Je reviens à vous, ma très-chère, et je vous dirai que le comte de Lobeau en regardant tendrement votre portrait, qui ne sortira jamais de ma chambre, m’a dit avec effusion : « Chère Madame, ce n’est pas vous offenser, car enfin vous savés sans doute que vous êtes plus âgée que mes filles ; mais promettés-moi qu’à votre mort vous leur laisserés ce tableau, car je veux que le portrait de cette excellente femme reste dans ma famille »; et je le lui ai promis. Ensuite nous nous sommes mis à parler de vous, et vous auriez été contente de son coeur et du mien. Félicité jettait les hauts cris, ne voulait point qu’on me parlât de ma mort, et le comte de Lobeau prouvoit si naturellement et si péremptoirement que ce qu’il avait dit étoit tout simple, tout naturel, que j’en riois comme s’il eût été question d’aller au bal.

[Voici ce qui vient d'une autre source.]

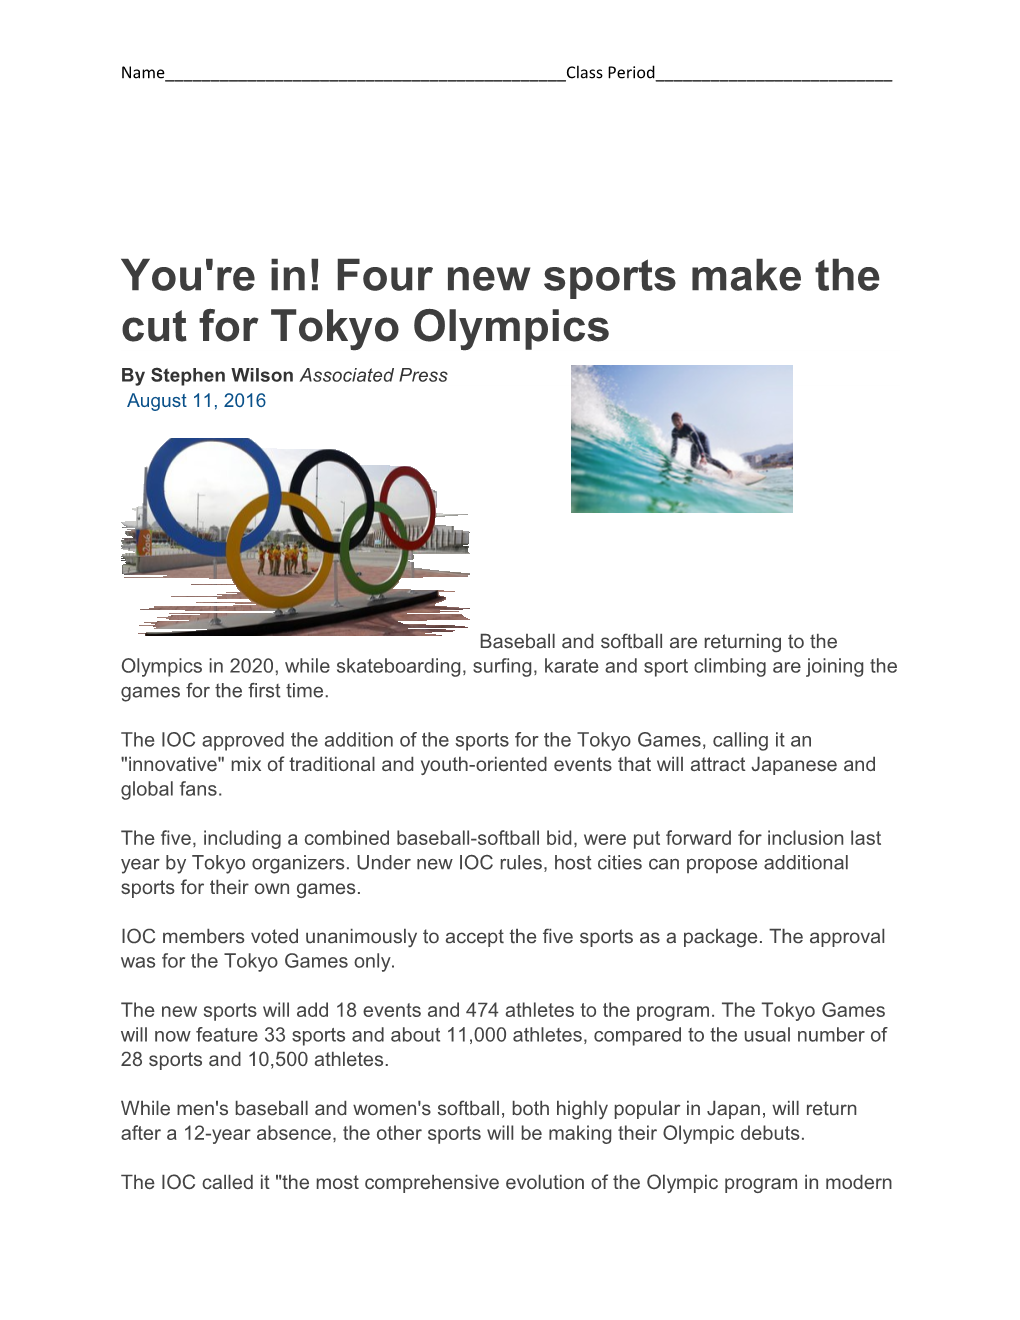 You're In! Four New Sports Make the Cut for Tokyo Olympics

Je suis bien fâchée que vos petits maux continuent. Cependant j’aime à croire que ce sommeil tranquille, ce bon appétit, cette faculté de vous occuper six heures de suite, prouvent ce que le petit Moreau a décidé que : c’est un rhume de cerveau qui n’est plus dans la tête. Mais, chère amie, à notre âge, nous ne sommes plus que cerveau, et le vôtre est si bon que j’espère que vous vivrez jusqu’à cent ans.

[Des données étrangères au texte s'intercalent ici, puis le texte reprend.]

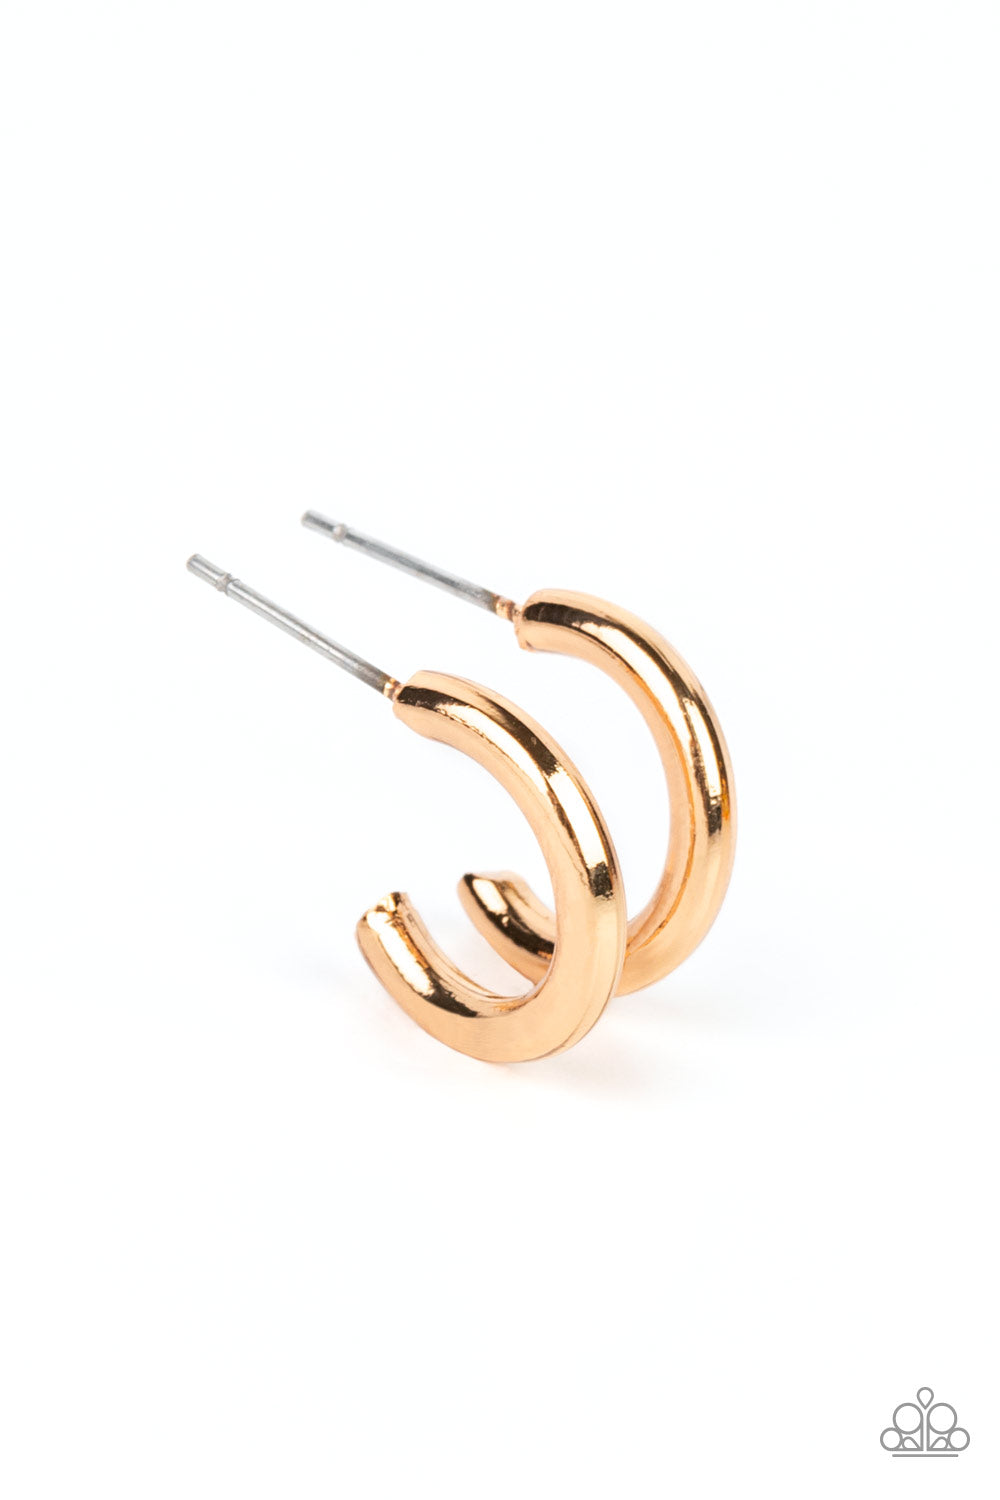 Small-Scale Shimmer Gold Earring

Je vous aime, je vous embrasse de tout, tout mon coeur, et votre bonne lettre l’a rempli de joie. Je me suis crue encore au Louvre, et je n’oublierai jamais que demain, 10 août, vous m’aviez proposé de vous accompagner en Italie, après cette affreuse journée qui nous faisait tous fuir la France. Adieu encore, ma bonne, bonne et chère amie, écrivz-moi souvent ; vous ne savez pas le bien que l’a fait votre bonne lettre] ; il y a si longtemps que vous ne m’en aviez pas écrit de pareilles. Aussi je regardois votre portrait tristement. Je pensois souvent à vous, mais je n’avois pas le courage de vous le dire. Enfin je vous ai retrouvée, et me revoilà toute gaie, toute heureuse, vous embrassant de tout mon coeur.

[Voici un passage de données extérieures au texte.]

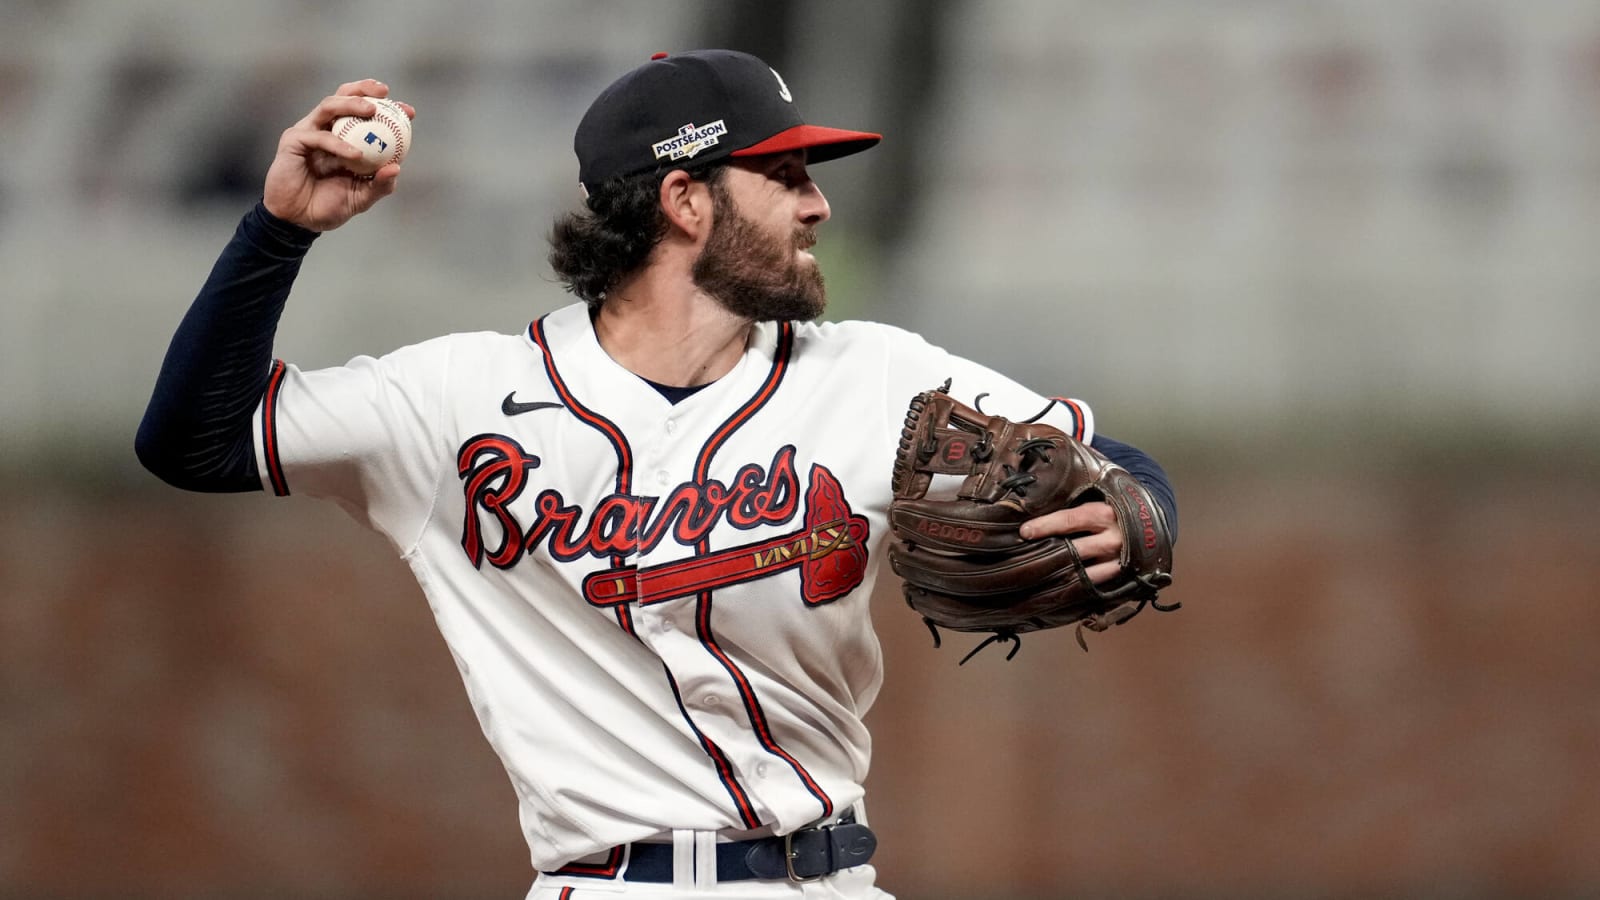 The winning stat is the most important stat': Dansby Swanson has a

Ménagez-vous bien cet hiver, car je suis comme vous dans les catharreux, et je sais que le froid est ce qu’il y a de plus fâcheux pour nous.

ADELE.

Mon mari vous remercie de votre bon souvenir. Il a été bien inquiet de son fils pendant cette lutte de deux mois. Enfin les Cortès ont succombé, après avoir fait toutes les sottises du monde, et son fils a été nommé comte de Villaréal ; mais c’est pour avoir signé le mariage du roi d’Espagne avec notre princesse du Portugal (Et non pas pour son rôle politique dans la lutte contre les Cortès. Comme la princesse de Portugal, Maria-Isabelle, seconde femme de Ferdinand, avait été mariée en 1816 et était morte le 26 décembre 1818, et que le roi d’Espagne était remarié, cette nomination manquait un peu d’opportunité.) Jusque-là le roi n’avait pu lui donner cette récompense, qui est d’usage.

Adieu encore, ma bien chère, ma plus chère amie, ayez bien soin de votre santé.

Monsieur Fabre, répondez-moi !

P.S. – Je pense, ma très chère, que vous devriez vous accoutumer à prendre du tabac, cela ramènerait peut-être ce catarrhe dans votre tête, et il y serait mieux qu’ailleurs.

Voilà mon idée. Je ne vous la donne pas comme bonne, mais comme mienne. Ainsi pardonnez-la.